Disclaimer: My experience is NEC (US) Industrial - and my response is limited to that area.
budhiman -
As you can see from the responses, a bit more context will help.
Is your application utility? If so I agree, 125% is ridiculously low. Utilities like to set the OCP just short of self-sustaining incandescence. But, not my area.
However, if the application is on the customer side of the service point, then the electrons behave differently.
As dpc mentioned, NEC, Article 450 applies.
Generally speaking there are two flavors of transformer feeders, and about a million sub-categories. I'm going top stick with the two for this post.

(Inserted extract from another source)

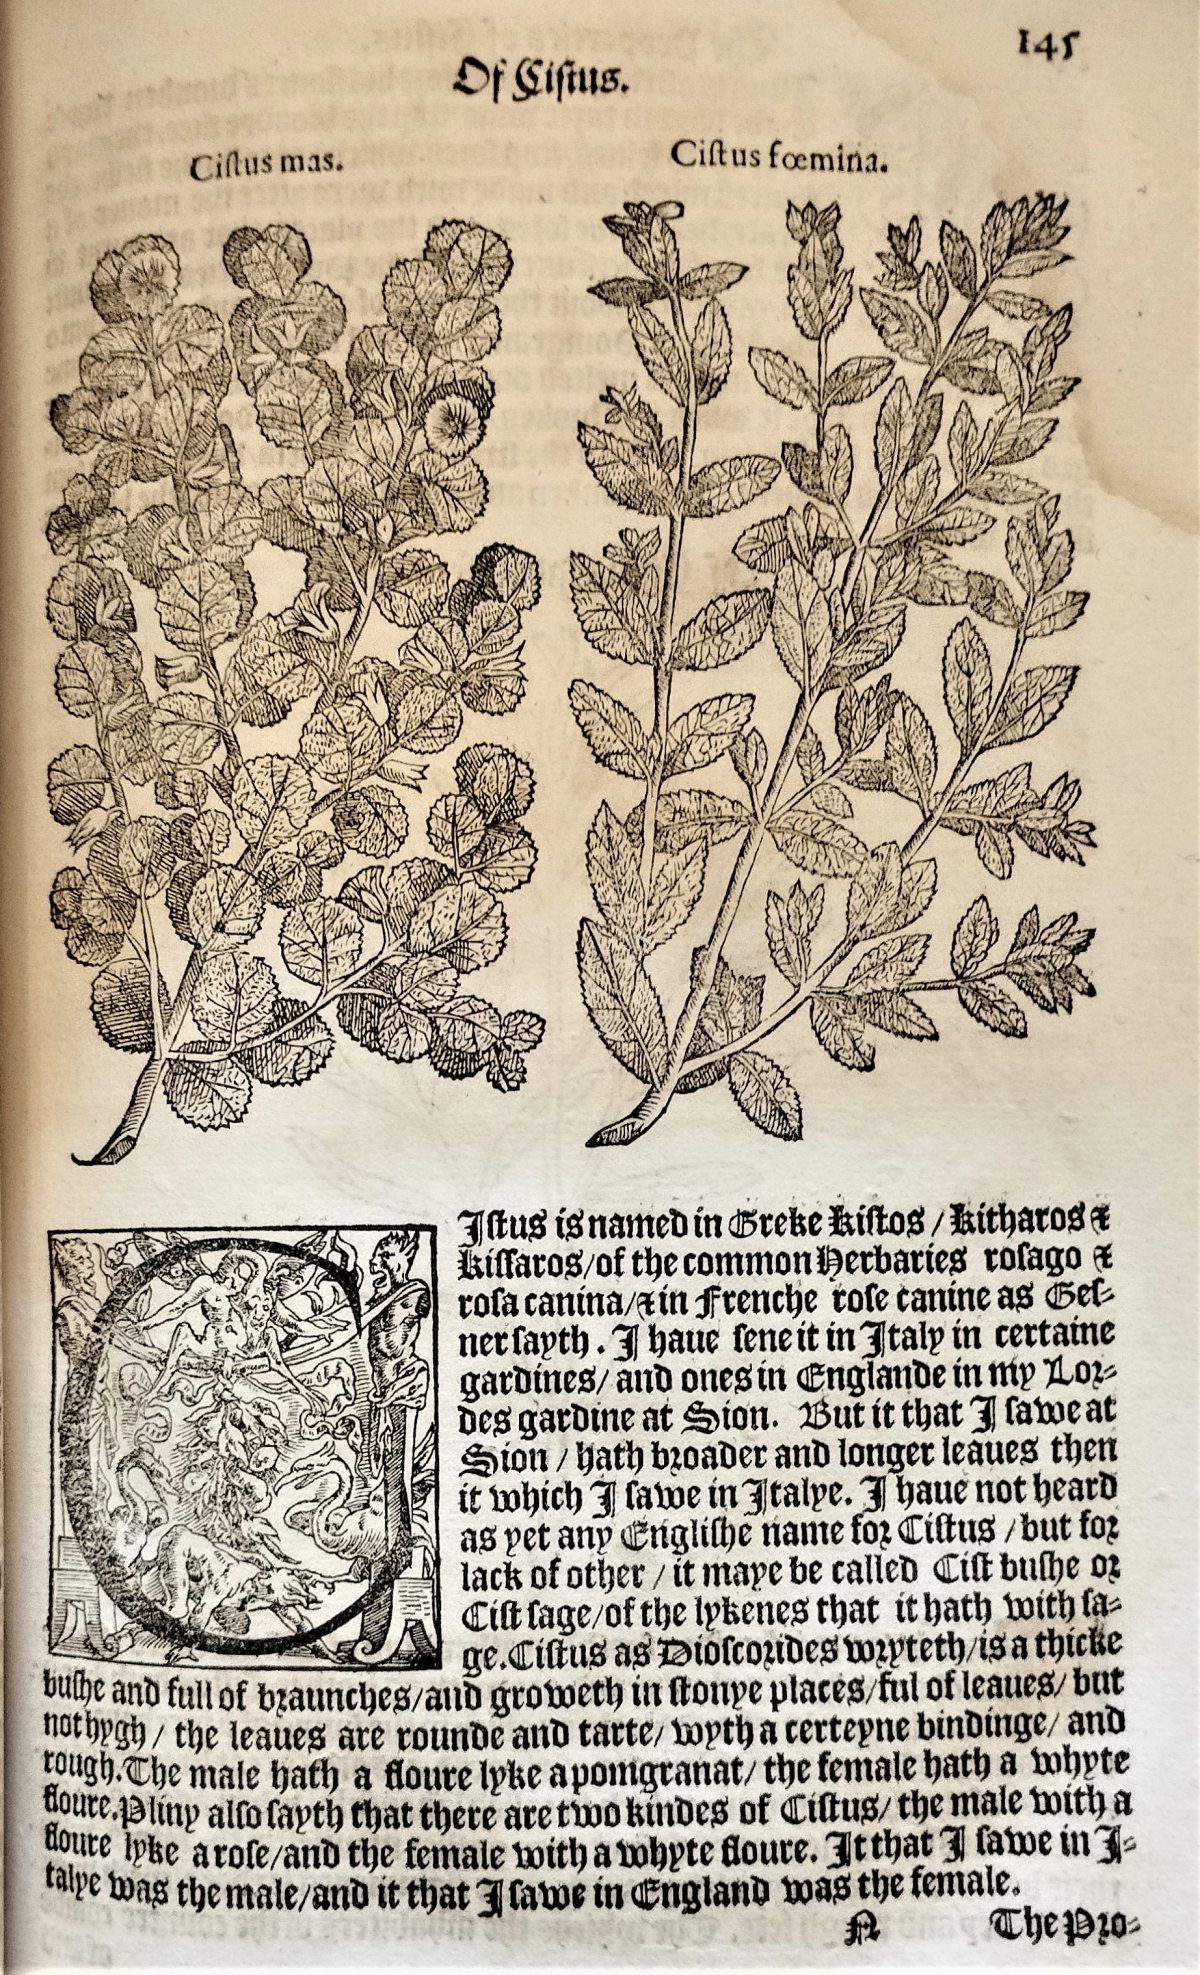 Page with the nomenclature, description and woodcuts illustration of the cistus plant and flowers.

1. MV primary/LV secondary (example 13.8KV/480V)
Primary OPC generally set 200% - 300%. NEC limits vary depending on transformer impedance, CB or fuse, and if supervised location.
Secondary OCP generally set at 125%. Again NEC limits vary.
Most important, is to set the primary (and secondary) OCP to trip inside on the transformer damage curve. IEEE C57.109 has some guidance.
2. LV primary/LV secondary (example 480V/208V)
Primary OCP generally set 125% - 250%. And as dpc mentioned, with coordinated thermal overload protection, primary OCP could be as high as 6X FLA.
Secondary OCP set to 125% or none.
My experience is 125% primary will cover inrush. Although reverse fed can be a problem. See
GE XformerWhitepaper2
budhiman said:
Is there a reason to use 125% factor from any standard or it is account for some overload (FA rating if applicable)?